• _WHAT TO PRODUCE_
The full set of lines below has to be duplicated exactly, with no picture kept.

• _DATA EXTRACT_
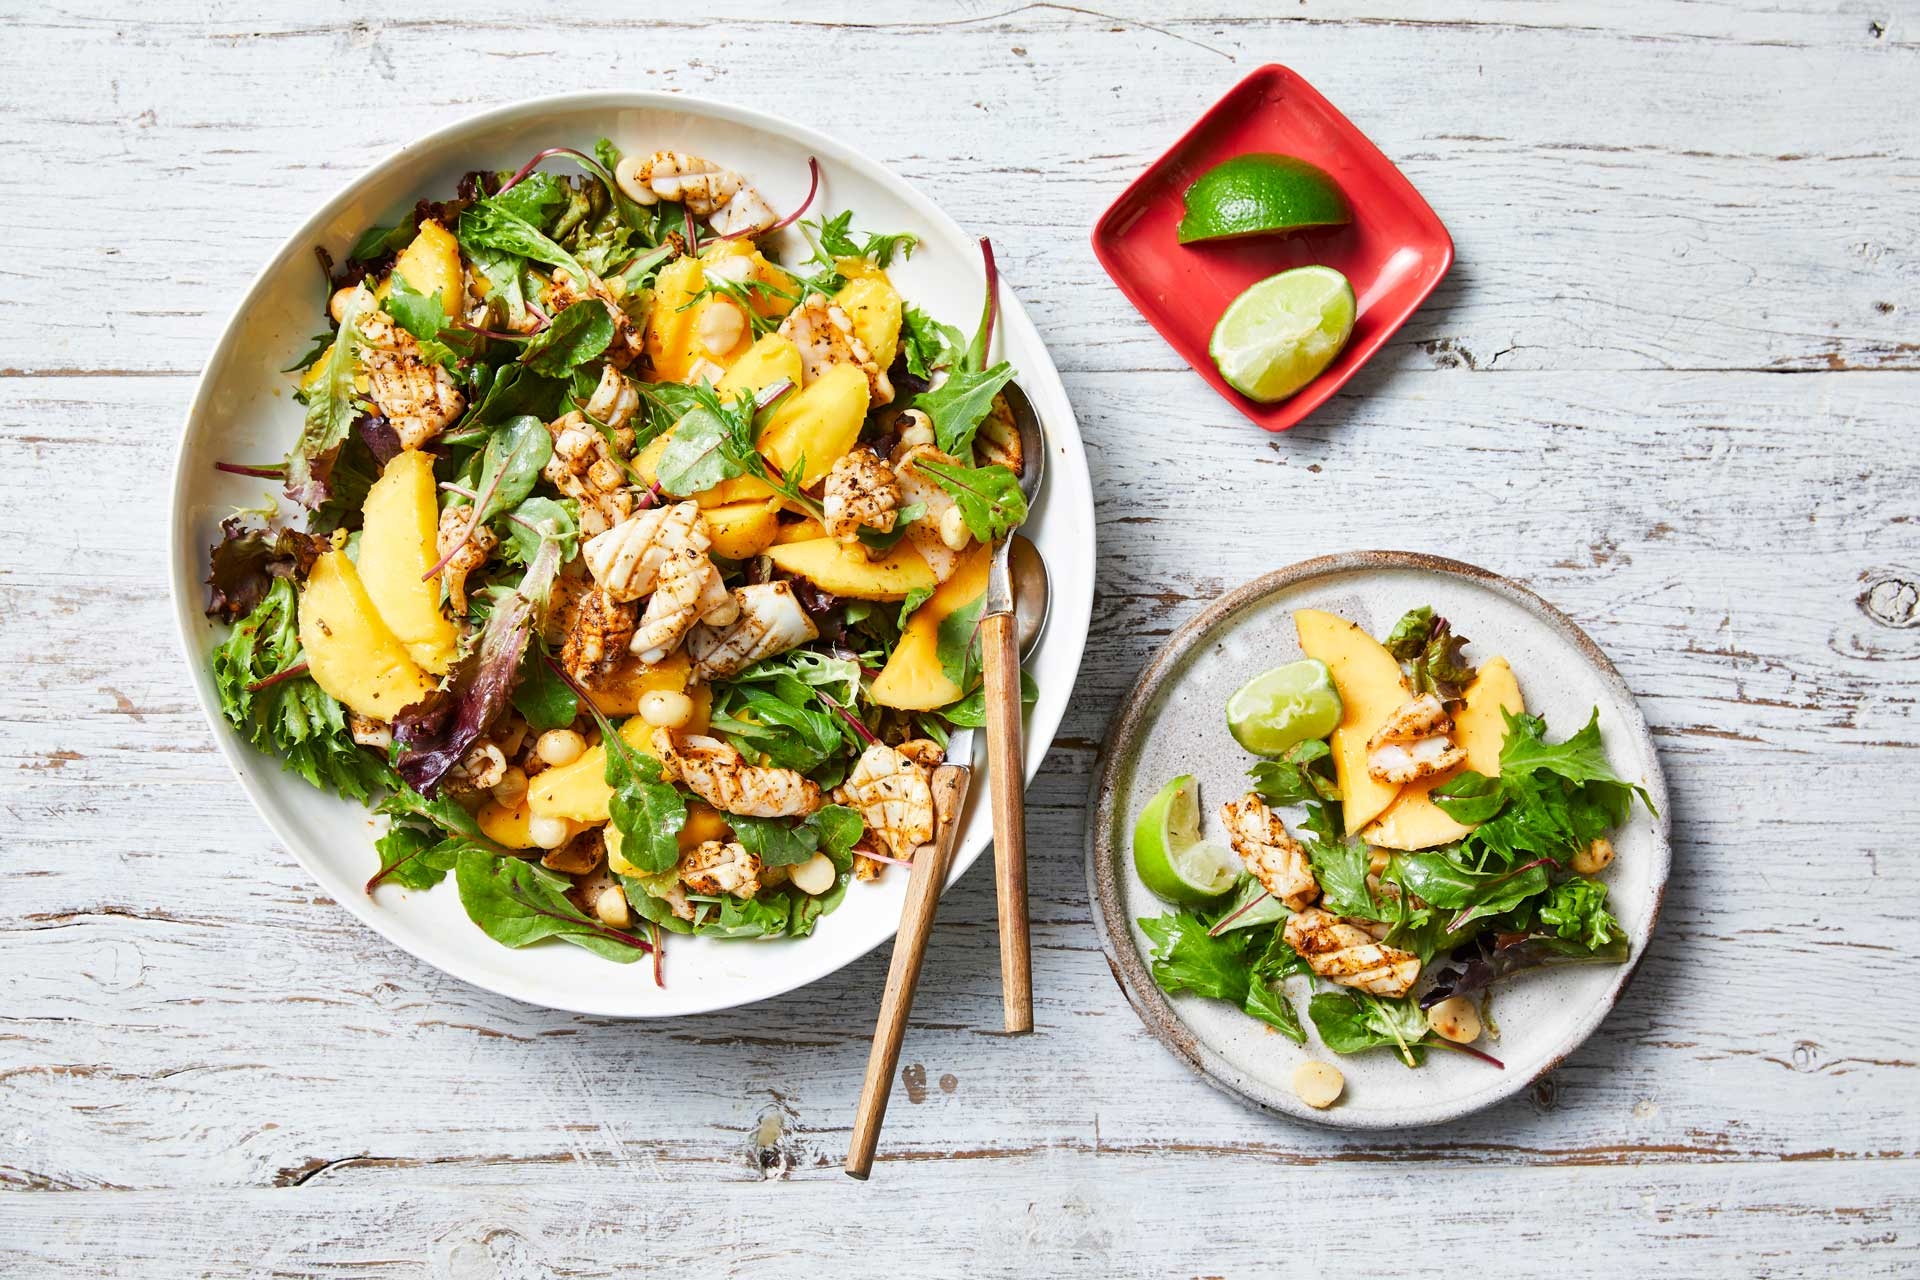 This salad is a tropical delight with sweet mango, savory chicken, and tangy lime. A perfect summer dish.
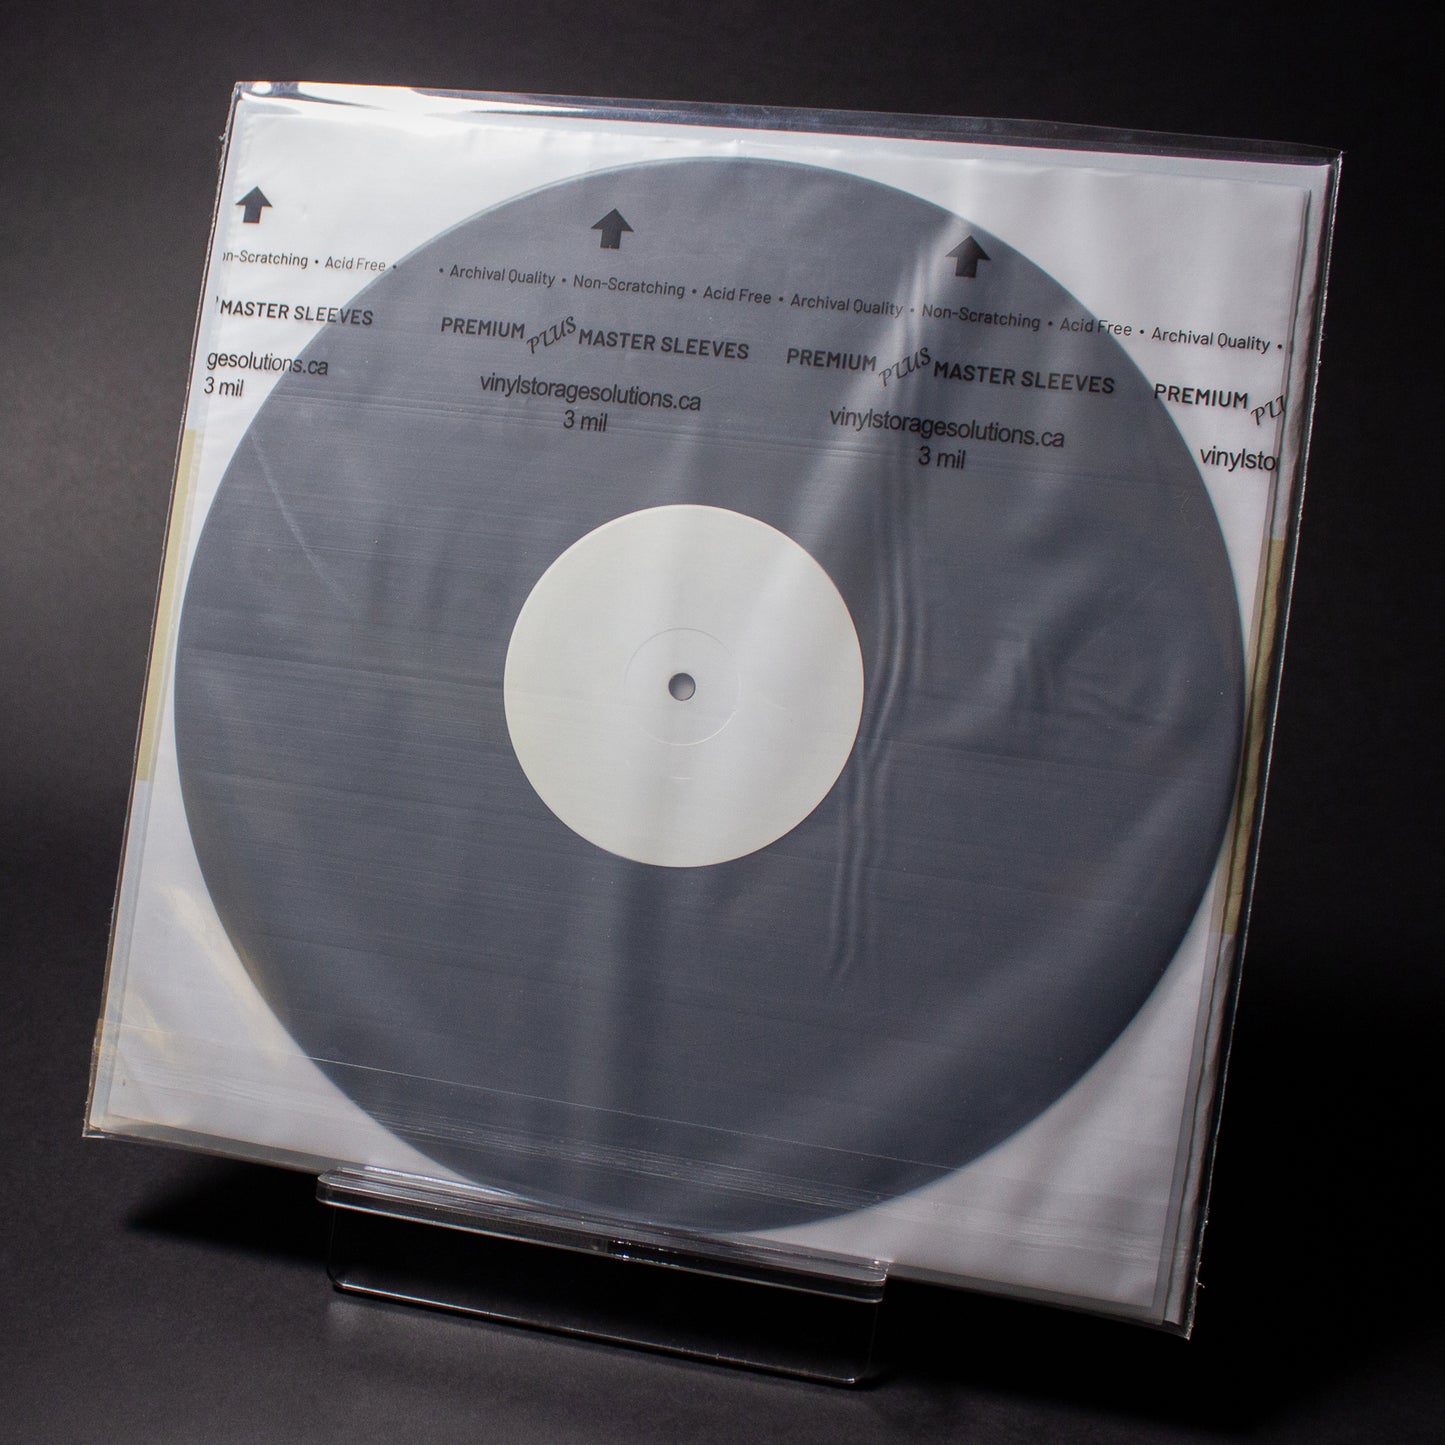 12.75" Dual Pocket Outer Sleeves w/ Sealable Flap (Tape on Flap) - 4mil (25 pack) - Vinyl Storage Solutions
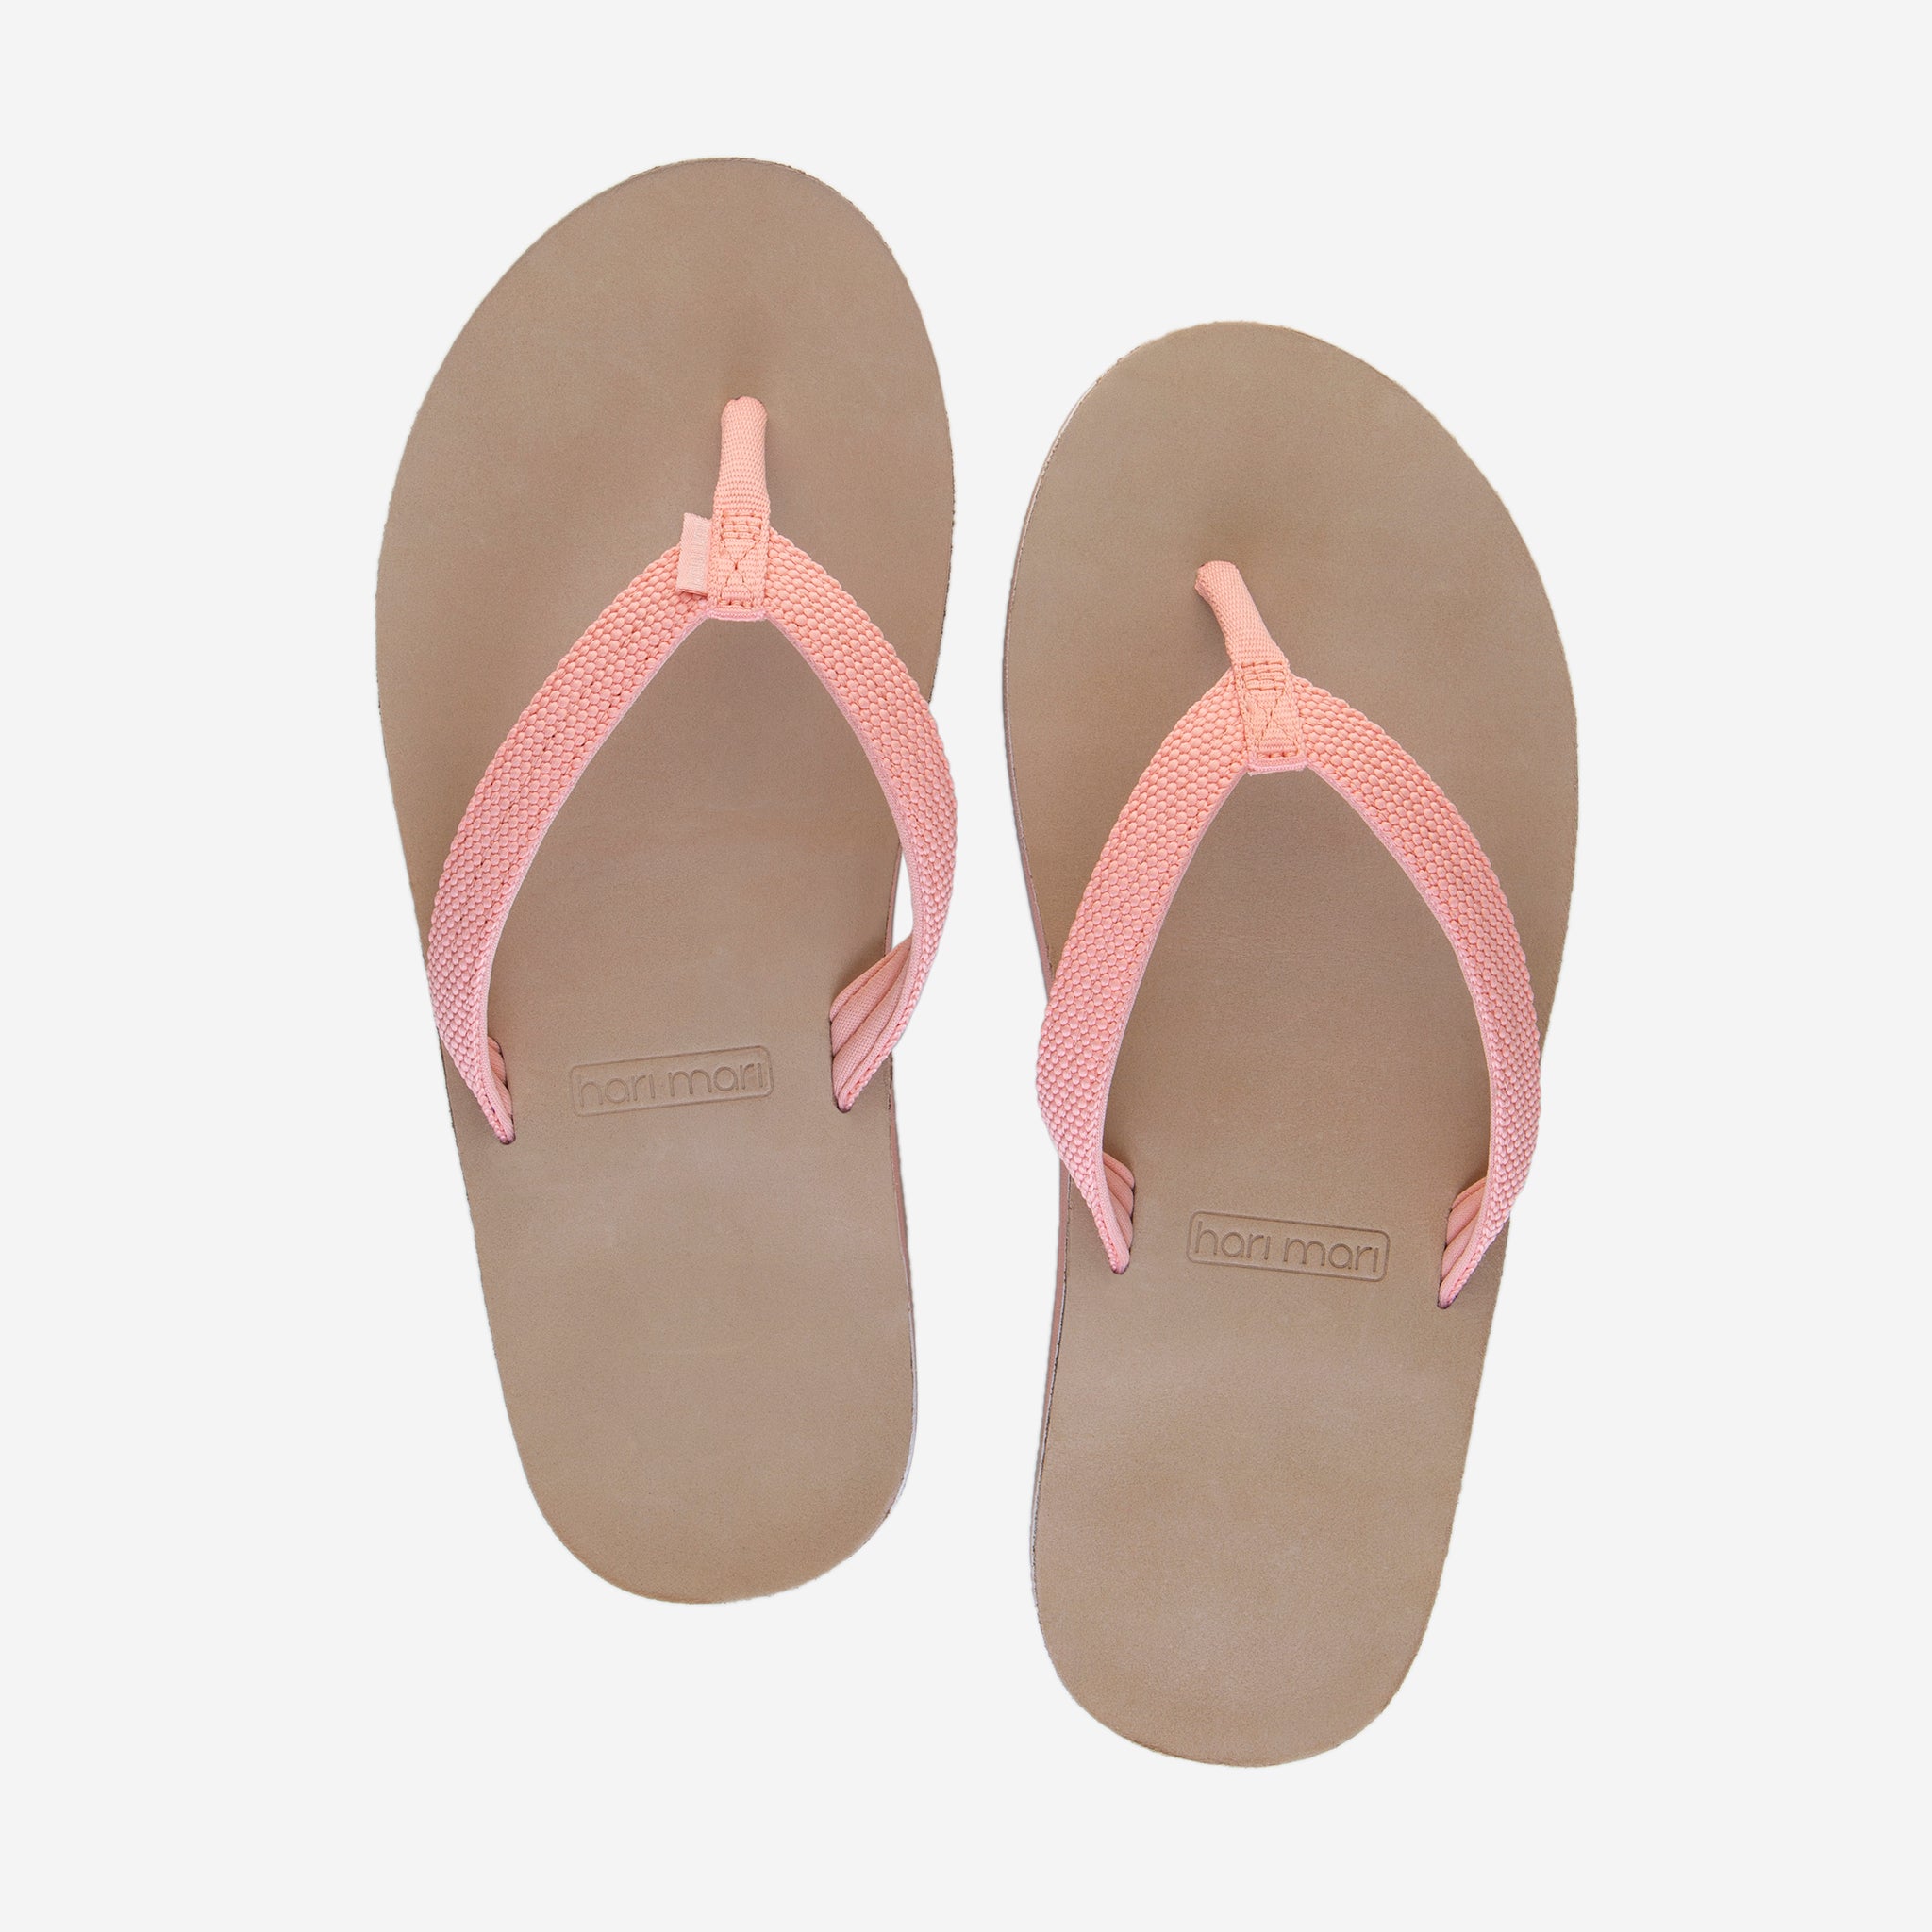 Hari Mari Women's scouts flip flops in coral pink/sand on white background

• _TASK ANSWER_
 This salad is a tropical delight with sweet mango, savory chicken, and tangy lime. A perfect summer dish.
 12.75" Dual Pocket Outer Sleeves w/ Sealable Flap (Tape on Flap) - 4mil (25 pack) - Vinyl Storage Solutions
 Hari Mari Women's scouts flip flops in coral pink/sand on white background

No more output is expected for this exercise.